Training configuration and parsing is handled by [PyTorch Lightning](https://lightning.ai/docs/pytorch/stable/), which
uses a `.yaml` file. See [here](https://github.com/ML4GW/aframe/blob/main/projects/train/configs/bbh.yaml) for a complete example
```{eval-rst}
.. note::
When running pipelines, parameters that are common between the training task and other tasks (e.g. :code:`ifos`, :code:`highpass`, :code:`fduration`) are specified once in the :code:`.cfg` and automatically passed to the downstream training or tuning :code:`config.yaml` by :code:`luigi`/:code:`law`.
```
## Initialize a Pipeline
The `aframe-init` command line tool can be used to initialize a directory with configuration files for a fresh run.
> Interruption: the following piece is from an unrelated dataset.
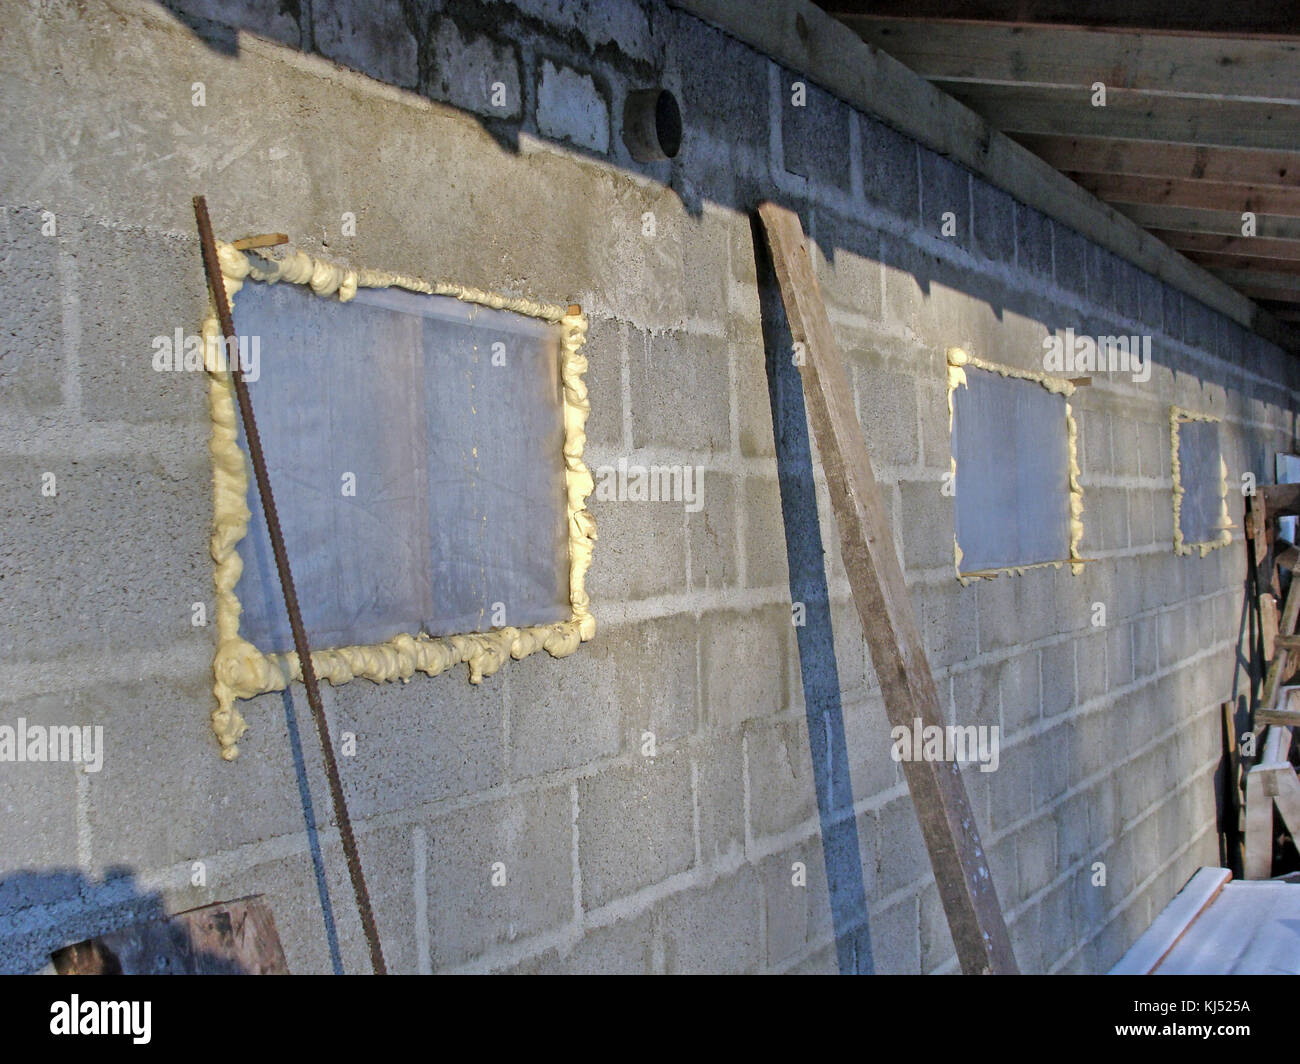 Auf Scheune im Bau Fenster Glas ist mit Folie und Montage Schaum ersetzt  Stockfotografie - Alamy
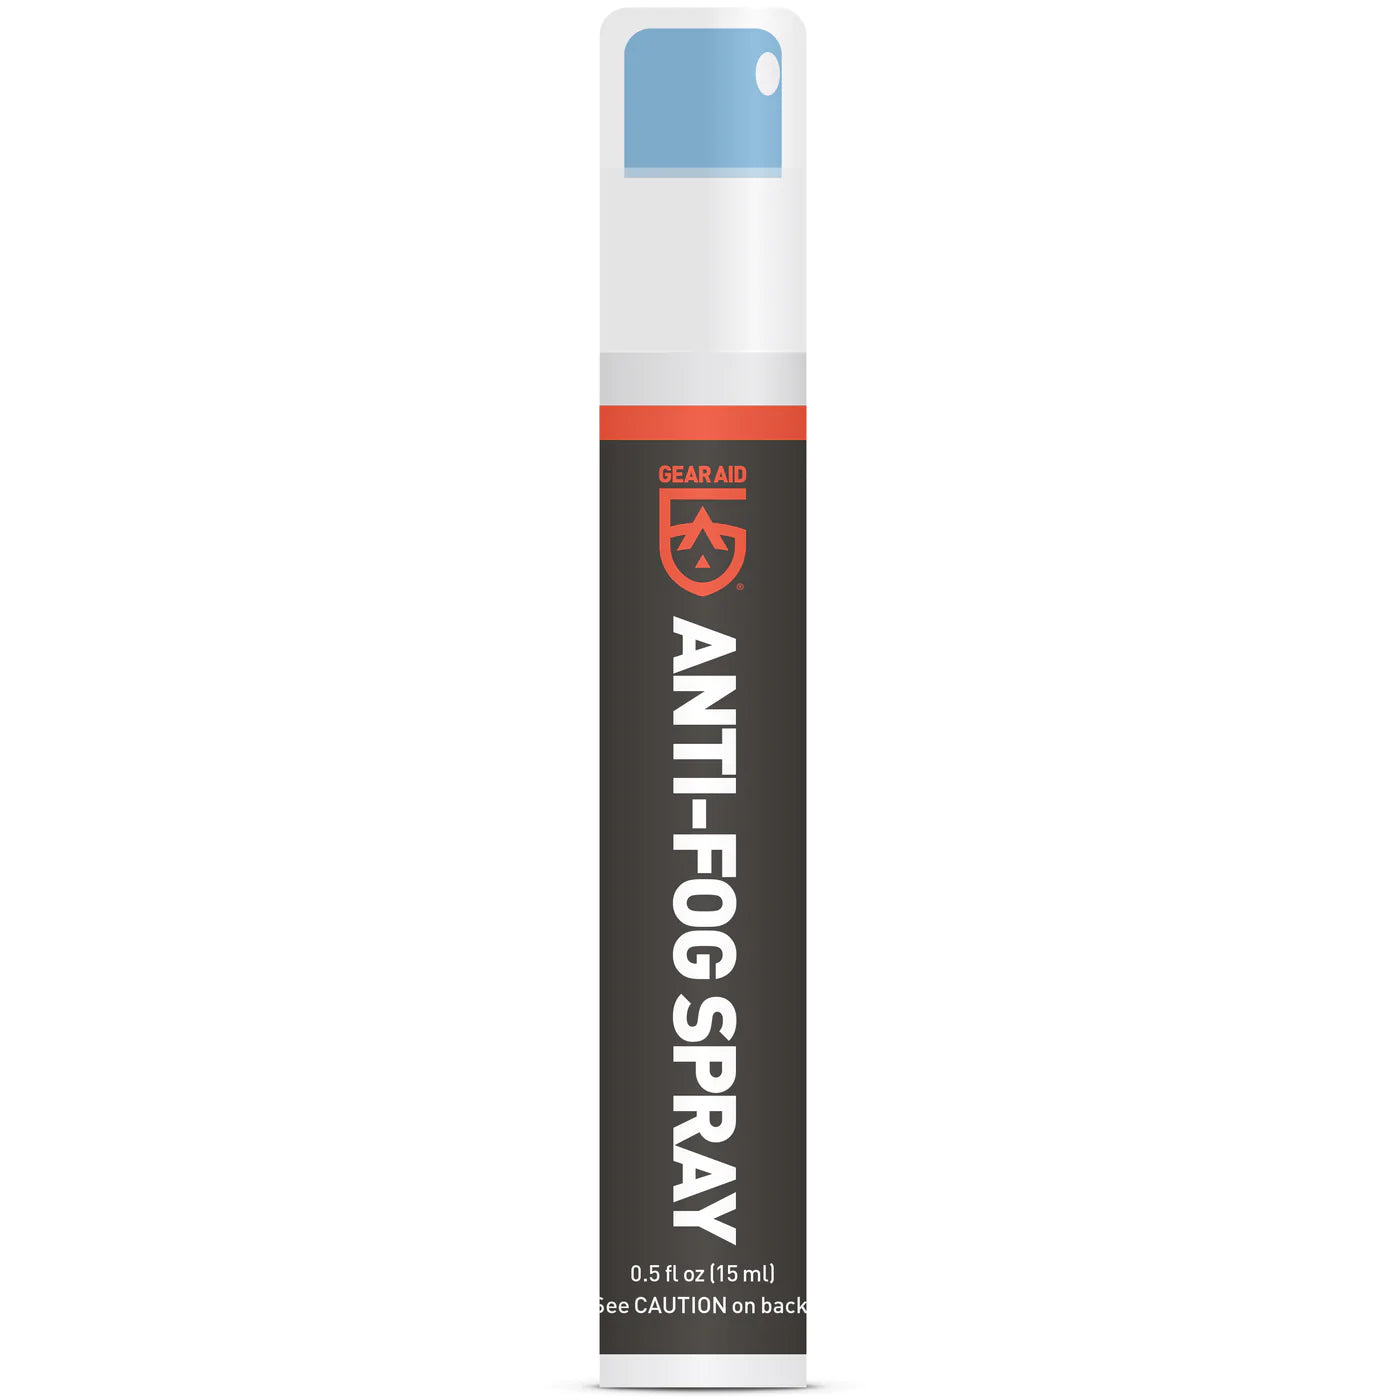 Gear Aid Antifog Spray

In the specified directory, `aframe-init` will create default `.cfg` and `.yaml` configuration files, as well as a `run.sh` file for launching the pipeline.
```{eval-rst}
.. tip::
When running a new "experiment", it is recommended to use :code:`aframe-init` to initialize a new directory. This way, all the configuration associated with the experiment is isolated, and the experiment is reproducible.
```
While in the root directory, a sandbox pipeline can be initialized with
```console
poetry run aframe-init offline --mode sandbox --directory ~/aframe/my-first-run/
```
You can also initialize a directory for launching the tune pipeline
```console
poetry run aframe-init offline --mode tune --directory ~/aframe/my-first-tune-run/
```
Now, you can navigate to the experiment directory and edit the configuration files as you wish.
## Running the Pipeline
```{eval-rst}
.. note::
Running the sandbox pipeline out-of-the-box requires access to an enterprise-grade GPU(s) (e.g. P100, V100, T4, A[30,40,100], etc.). There are several nodes on the LIGO Data Grid which meet these requirements_**.
```
In the experiment directory a `run.sh` file will be created that looks like
```bash
#!/bin/bash
# Export environment variables
export AFRAME_TRAIN_DATA_DIR=/home/albert.einstein/aframe/my-first-run/data/train
export AFRAME_TEST_DATA_DIR=/home/albert.einstein/aframe/my-first-run/data/test
export AFRAME_TRAIN_RUN_DIR=/home/albert.einstein/aframe/my-first-run/training
export AFRAME_CONDOR_DIR=/home/albert.einstein/aframe/my-first-run/condor
export AFRAME_RESULTS_DIR=/home/albert.einsteinaframe/my-first-run/results
export AFRAME_TMPDIR=/home/albert.einsteinaframe/my-first-run/tmp/
# launch pipeline; modify the gpus, workers etc. to suit your needs
# note that if you've made local code changes not in the containers
# you'll need to add the --dev flag!
LAW_CONFIG_FILE=/home/albert.einstein/aframe/my-first-run/sandbox.cfg poetry run --directory /home/albert.einstein/projects/aframev2 law run aframe.pipelines.sandbox.Sandbox --workers 5 --gpus 0
```
Environment variables are automatically set based on the specified experiment directory. These environment variables
are ingested by the `law` tasks and control where various pipeline artifacts are stored.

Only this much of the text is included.